Of course, play was washed out completely and thus many difficult questions did not need to be answered. And yet, simply because the match resumed from where it had stopped, both teams got to bat under significantly different conditions. Arguably, had rain not intervened on the first day, the outcome of the match might have been different.

Cricket is a game that is full of an exceedingly large number of variables. The pitch plays an inordinate role in determining the course of the game. Not only is the nature of the pitch itself a variable, but it has a way of changing its character mid-game, it can ease out, dry up, begin to wear, become damp, and each of these conditions can change the course of a game while it is in progress. The weather plays a huge role, as does the direction of the wind. The ball behaves very differently depending on how old it is. The toss is often vital, and can sometimes pretty much determine the outcome of a game. The idea that both teams operate under similar conditions is never true in any real sense.

This is an impossibly large number of variables to account for and no wonder the DLS struggles. Currently, it reduces the variables to just two- the number of overs left and the number of wickets remaining, the logic being that these are the resources at both teams’ disposal that need to be deployed to reach the revised target. There might be a better way of doing this, and tomorrow perhaps artificial intelligence could find a way to juggle many more variables than is currently possible, but chances are that it will make the system no less baffling, for what is being attempted is itself the problem.

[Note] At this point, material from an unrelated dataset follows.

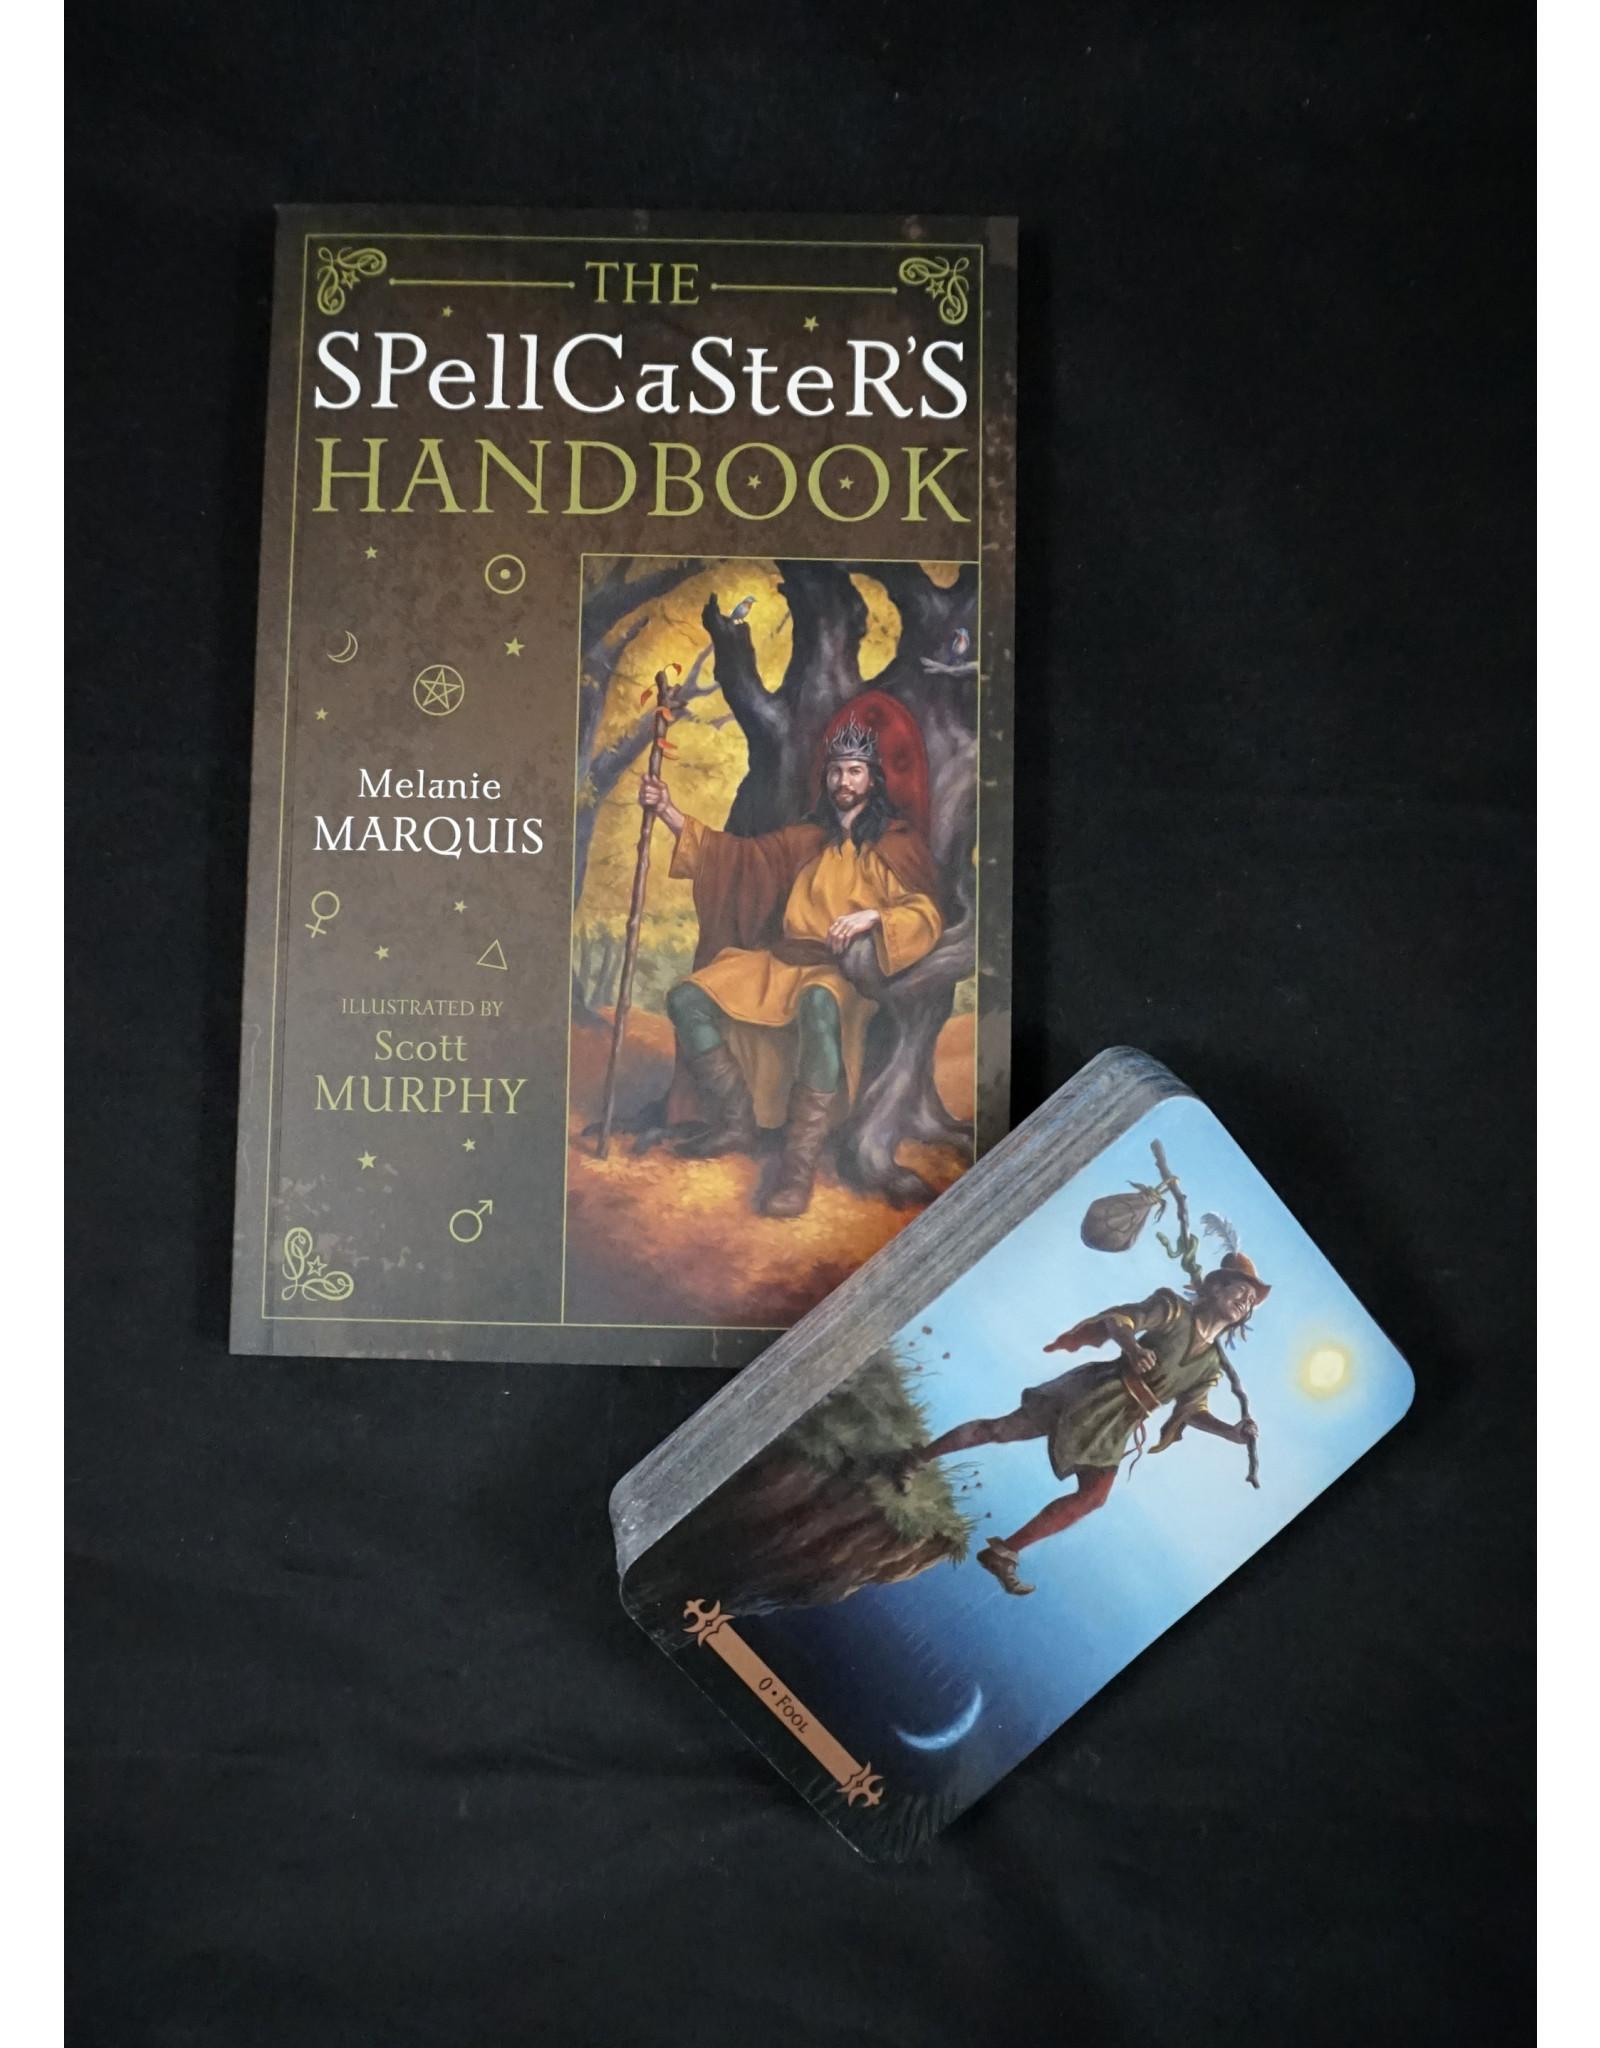 Modern Spellcaster's Tarot by Melanie Marquis

Conditions are ecological in nature, and one simply cannot be equal to another. The more complex a game, like cricket undoubtedly is, the easier it is to acknowledge this, but really this is true of all sports, and indeed of life itself. In any sport, we see the same players play very differently depending on time, whether the game is played in front of a home audience or not. Indeed, within the same game, there are times when for any player the sun burst through the clouds, angels sing in divine harmony, the world hums as one. Ball comes off the racquet at impossible angles, glorious passes melt into incredible finishes, the body moves in blurs of light, and the players seems otherworldly in their skill. And then suddenly, nothing works. One becomes a mass of clumsy limbs and awkward timing; the mind inept and the body forgetful.

We use pretend-words to try and explain this. Good form, being in the zone, operating at one’s peak, these are all ways of telling ourselves that we know what is happening when in fact when we haven’t the slightest clue. It is another way to shrug our shoulders, and point upwards and marvel at the inexplicable nature of the world.

At its heart most sport is about rival teams or individuals using the best resources they can muster, working with the same constraints and operating under the same degree of difficulty trying to fulfil one task better than the other. Try as one might, one can only endeavour to provide the same arena for everyone. Perhaps it might be better to embrace the unevenness of the operating conditions, for sport gets its magic precisely because top seeds perish, rankings can become a joke, and on the day, anything can happen. In cricket, for instance, if we find it easy to accept the randomness introduced by the toss, or by injuries, then why not of the DLS? After all, as long both sides have sides have the same chance of encountering a new constraint, why should it matter?

Traditionally it is believed that sport exists to acknowledge the excellent amongst us. it is a showcase for human beings outdoing themselves constantly. What if it were also a theatre meant to illustrate the power of nature, of time and its contrariness and of the eventual limits of human ambition and ability? Sport holds our interest because the expected does not always happen, and the stronger do not always triumph. That is why sport is so engaging. To remind us that human beings can constantly surprise us and be constantly surprised.